Following this baptism of fire that he went through, I asked him about his journeys, and he recalled the time when he lived in the house of one of his parents’ friends in the quiet seaside town of São Pedro de Moel. He did his first year of schooling, and enjoyed his time here. On his return to Angola, the family settled in the Mártires de Kifangondo neighbourhood, near the 4 de Fevereiro airport, but Sérgio chose the Praia do Bispo neighbourhood as he grew up, and here he had great friends, among them Bruno, Mano, Dinda, Duxa, Capeló, Kayundo, Kazuko, Paulo Cambaieta (otherwise known as Paulo Silva, now no longer in the Angola football squad). His childhood was one long string of discoveries – creative games far removed from today’s consoles and monitors. In those days, it was more street-based, football and kicking cans. “In fact, the best times were when we played at ‘war in the neighbourhood’, and we built our bases on the hill where the new parliament is being built. They were really good times.”

family of photographers Pinto Afonsofamily of photographers Pinto Afonso

Sérgio grew up with photography all around him. His father and his uncles were all photographers, but, as he explains, he didn’t take to the idea of “taking photos of people for their documents. That was my definition of Photography.” When he got his first camera, in 1992, he began to take photos of his school friends, and he is still proud of his work then. This was a period when he was teaching himself.  “I didn’t know then how to measure light, but as I experimented, I became more and more passionate about the art of photography” – and this became greater than he appreciated in those early days. 
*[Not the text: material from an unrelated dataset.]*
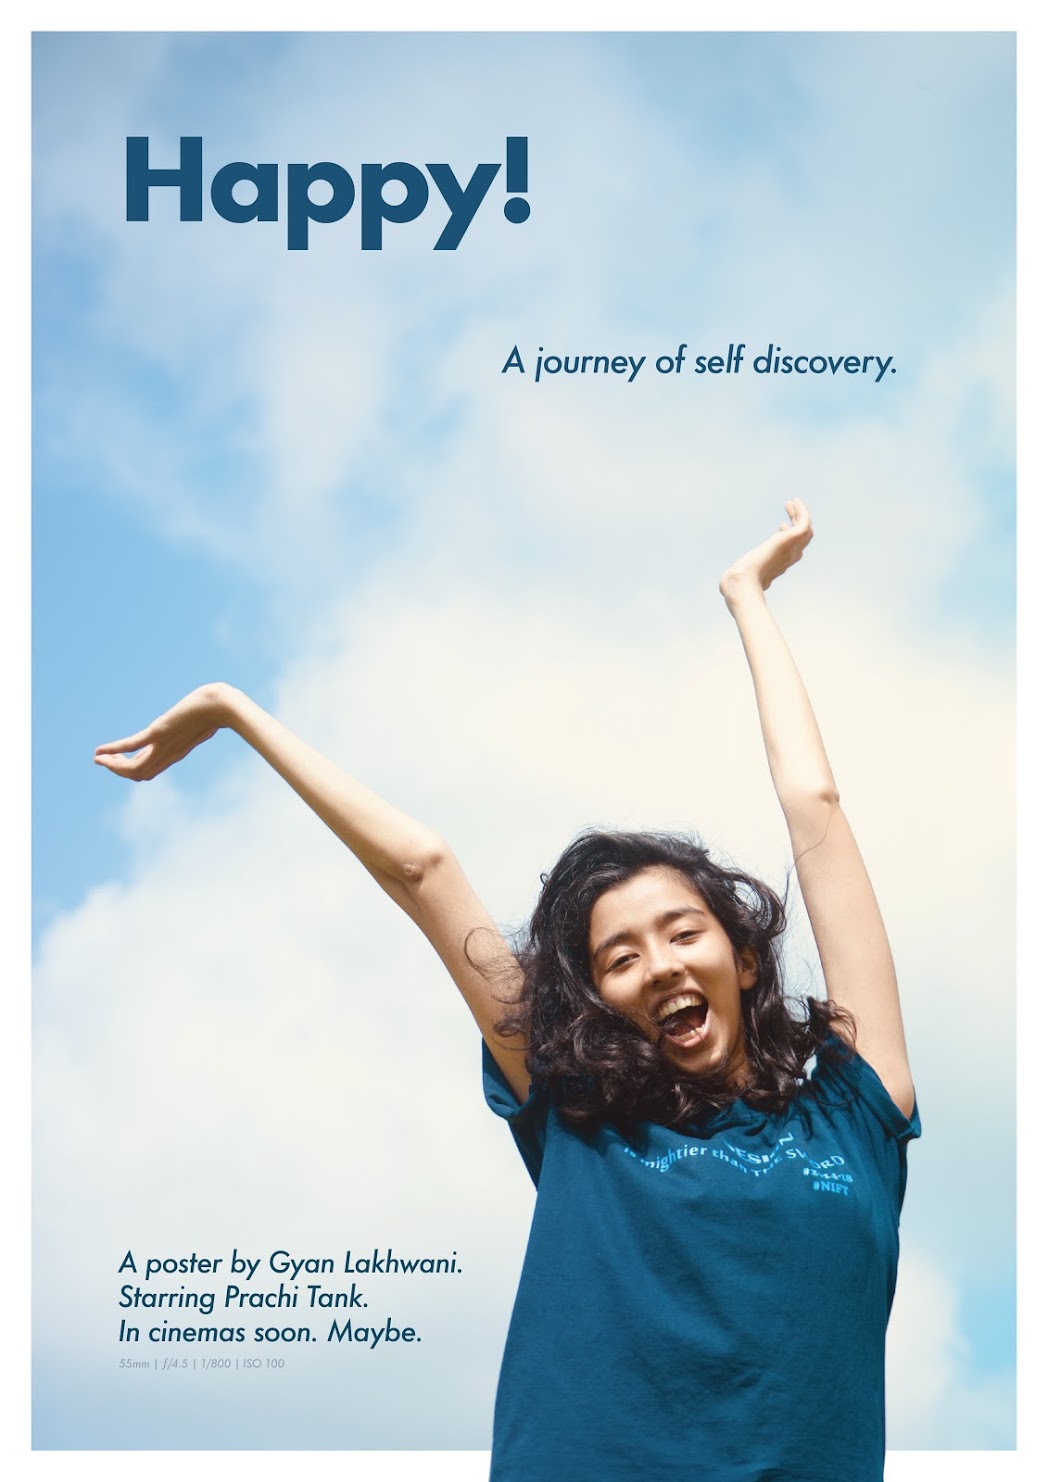 Movie poster titled "Happy, a journey of self discovery."
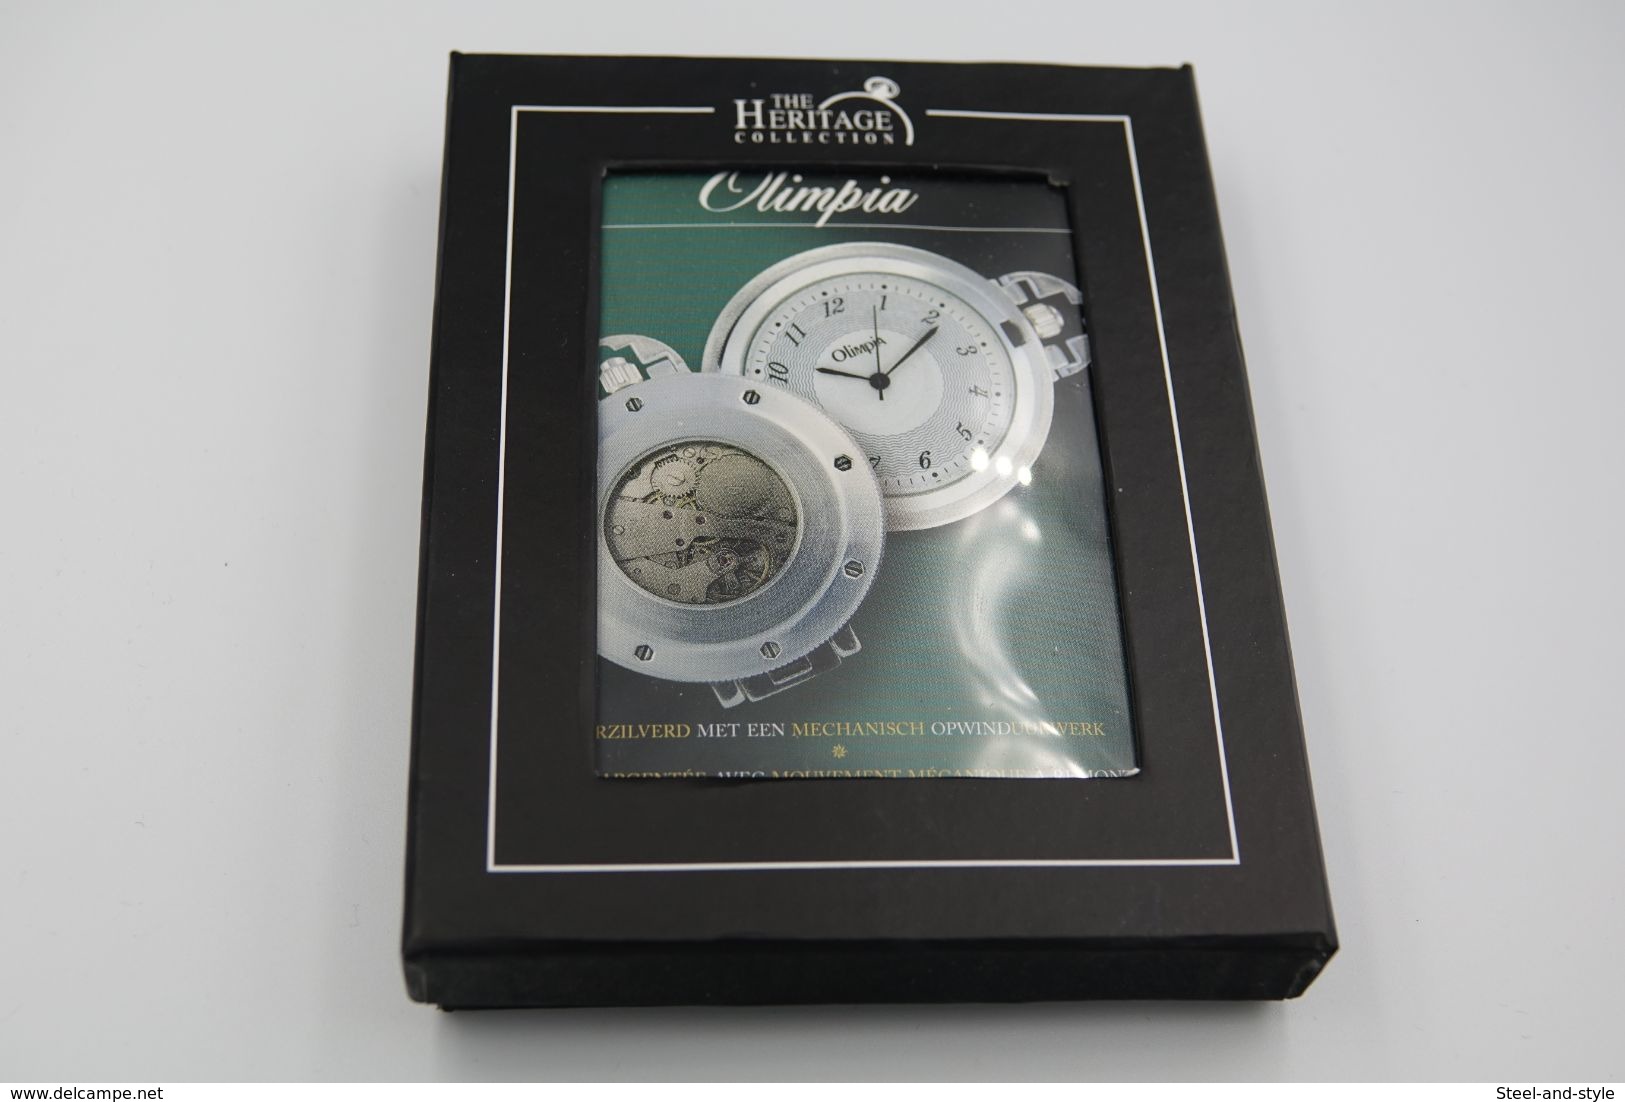 Relojes de bolsillo - watches : HERITAGE COLLECTION HAND WIND: Olimpia -  original with original box and certificat - running

He began to take his camera with him every day, and ways of seeing the world helped him to view people from another angle. “I enjoy travelling, meeting new people every day. If I could, I would spend my life discovering the world and taking photos of it.” It’s discovering things that makes him move. What really gets him going when travelling across the country is the beauty of Angola at all levels: the landscape, the people, ways of living, being and doing things. “We are forever finding a story to tell and learn from. Getting to know my country is in truth what really motivates me.” And with this he links art to photo-journalism, because “we can just as well use real facts to build works of art as we can produce something to mirror real facts. I use life itself to make art.”

 

And now for the cinema

 

With his experience of the world opening up, he went to Rio de Janeiro to study film-making, because after some years working with photography in Angola, he had discovered video, which he describes as “upgrading photography, only at 24 frames per second.” In other words, “it’s a matter of continuing my work in other moulds, while focusing on what people see and the way they look.” 

Brazil taught him how to create with scant resources. At school, in the wake of the new Brazilian film wave, he learnt how to make small budget films, under the byline “an idea in the mind and a camera in the hand.” He stayed in Rio de Janeiro for four years, and it gave him real motivation, in a country where “the prospects really strike me as very good. Culture gets the backing of the federal governments, and good backing from the private sector.”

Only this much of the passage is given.